Looking into emu_internal, it actually adds different kinds of references. There is one particularly important piece in this function, default switch cases:

  switch ( op_type )
  {
...
    default:
      if ( op_type == O_IDPSPEC1 && insn->itype == 26 )
      {
...
        if ( get_switch_info(&Dst, v7) <= 0 )
        {
          v8 = insn&->ops[2].addr_union.addr;
          v9 = get_dword(insn&->ops[2].addr_union.addr) ^ 0x46544330;
          if ( v9 <= 0x80 )
          {
            LODWORD(v21) = insn&->ops[1].addr_union.addr;
            v10 = insn&->ops[0].reg_union.reg;
...
            set_switch_info(v11, &Dst);
            create_switch_table(insn&->ea, &Dst);
            create_switch_xrefs(insn&->ea, &Dst);
          }
        }
      }
      break;
  }

It makes clear that instruction with opcode 26 is switch.

Back to emu, next part:

  v5 = insn&->itype;
  if ( v5 == 3 )
  {
    *(_QWORD *)&a3.d0 = *(_QWORD *)&insn&->ops[1].n;
    a3.addresses.begin = *(_DWORD **)&insn&->ops[1].value_union.value;
    a3.addresses.length = *(_QWORD *)&insn&->ops[1].specval_union.specval;
    if ( BYTE1(a3.d0) == 2 )                    // O_MEM
    {
      mem_addr = (unsigned __int64)a3.addresses.begin >> 32;
    }
    else
    {
...
      v7 = get_possible_values(&a1, insn&, (op_t *)&a3, &values, 0);
      sub_1800036A0((__int64 **)&a1, &v22, *(_QWORD *)a1, (__int64)a1);
      operator delete(a1);
      if ( !v7 )
      {
        qfree((qvector_t *)values.addresses.begin);
        goto LABEL_36;
      }
      LODWORD(mem_addr) = values.d0;
      qfree((qvector_t *)values.addresses.begin);
    }
    if ( insn&->ops[1].type == O_DISPL )
      LODWORD(mem_addr) = insn&->ops[1].addr_union.addr + mem_addr;
    if ( is_rodata((unsigned int)mem_addr) )
    {
      qsnprintf(&v26, 256i64, "[%#08x] read only", (unsigned int)mem_addr);
      LOBYTE(v8) = 1;
      set_cmt(insn&->ea, &v26, v8);
    }
  }

Look at this qsnprintf, we definitely saw it before: when we first tried to open binary, ROM:0000004C 66666_____ _______6666, op1 ;; [0x000888] read only. Note that opcode is 3, we already know that it is either load.m or store.m. There is no need to make warning about reading read-only memory, so we can assume that opcode 3 is store.m and 31 is load.m.
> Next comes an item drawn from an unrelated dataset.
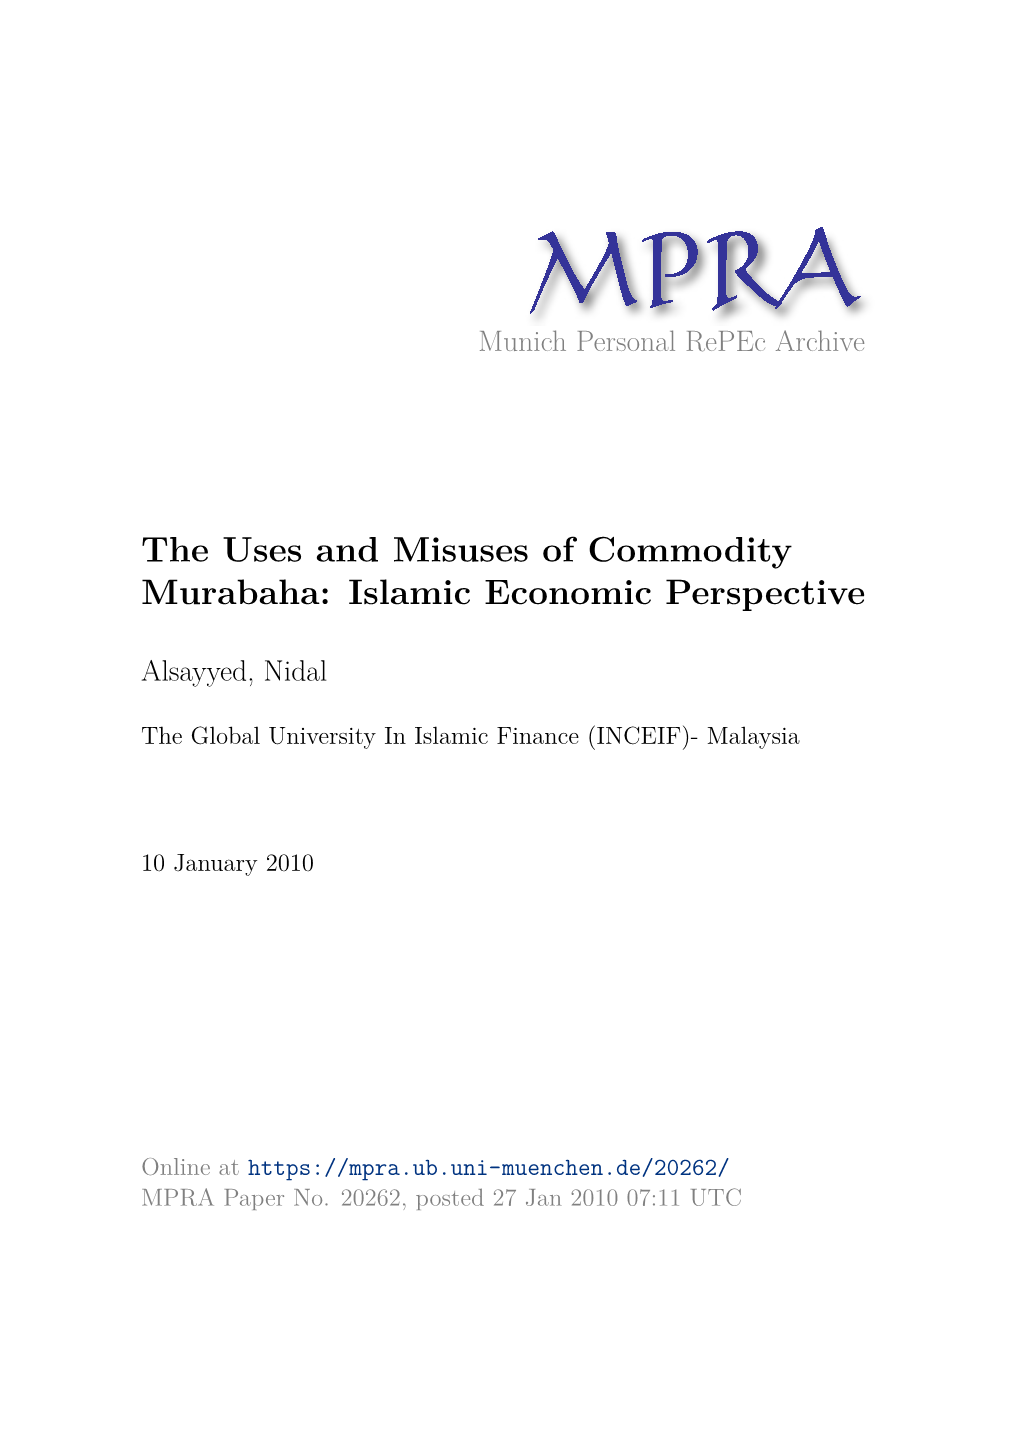 The Uses and Misuses of Commodity Murabaha: Islamic Economic Perspective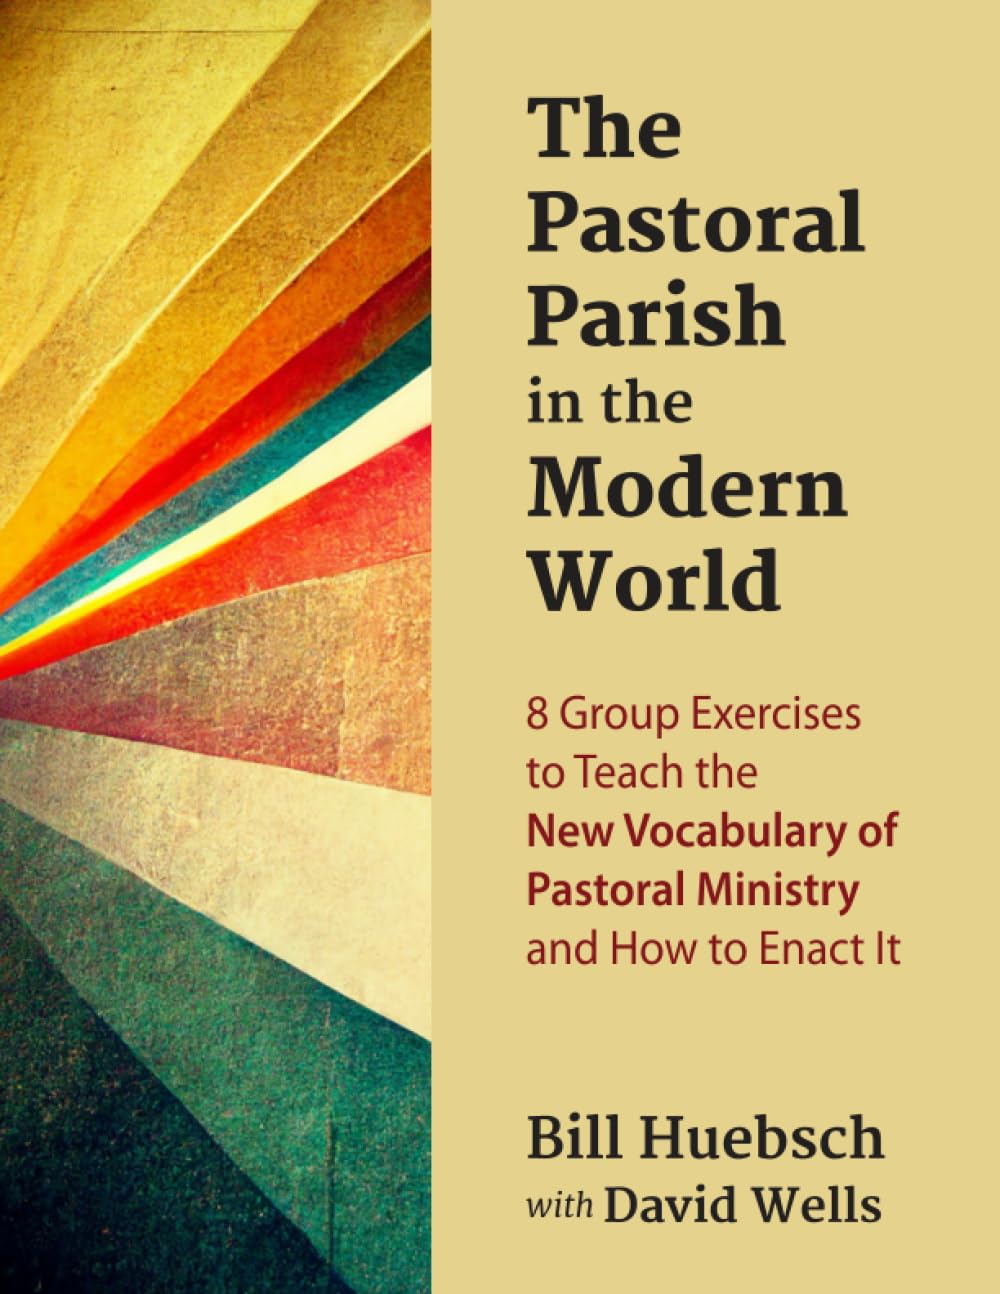 The Pastoral Parish in the Modern World

What this code is trying to do as a whole is to get somehow target memory address and check that it is not in .rodata section. If operand type is O_MEM then address is just an immediate value, otherwise the register is used so we need to get it’s possible values somehow. That what function get_possible_values is doing, as we’ll see next.

get_possible_values

This is the most complex and most important part of processor for us. Let’s look at the very beginning:

char __fastcall get_possible_values(void *a1, insn_t *insn, op_t *a3, possible_values_t *values, int a5)
{
  // [COLLAPSED LOCAL DECLARATIONS. PRESS KEYPAD CTRL-"+" TO EXPAND]

  values& = values;
  insn& = insn;
  switch ( (unsigned __int8)a3->type )
  {
    case O_REG:
    case O_IDPSPEC0:
      result = track_possible_values_cfg(a1, insn, insn->ea, a3->reg_union.reg, values, a5);
      break;
...
  }
  return result;
}

In case of O_REG it just calls some internal function that I conveniently called track_possible_values_cfg. It is almost 450 lines long and consists of very valuable code. Note that second parameter is insn, third is ea and fourth is reg_num

track_possible_values_cfg

...
  while ( 1 )
  {
    v16 = get_flags_ex(v15->ea, 0i64);
    if ( (v16 >> 12) & 1 || !(v16 & CF_HLL) )
      break;
    if ( (unsigned int)decode_prev_insn(&prev_insn, v15->ea) == -1 )
      goto LABEL_125;
LABEL_31:
    v15 = &prev_insn;
    if ( (prev_insn.ops[0].type == O_REG || prev_insn.ops[0].type == O_IDPSPEC0)
      && prev_insn.ops[0].reg_union.reg == (_DWORD)reg_num& )
    {
      switch ( prev_insn.itype )
...

OK, lots of things to note here. First of all, while (1). Why is it here? I don’t know but I don’t like it.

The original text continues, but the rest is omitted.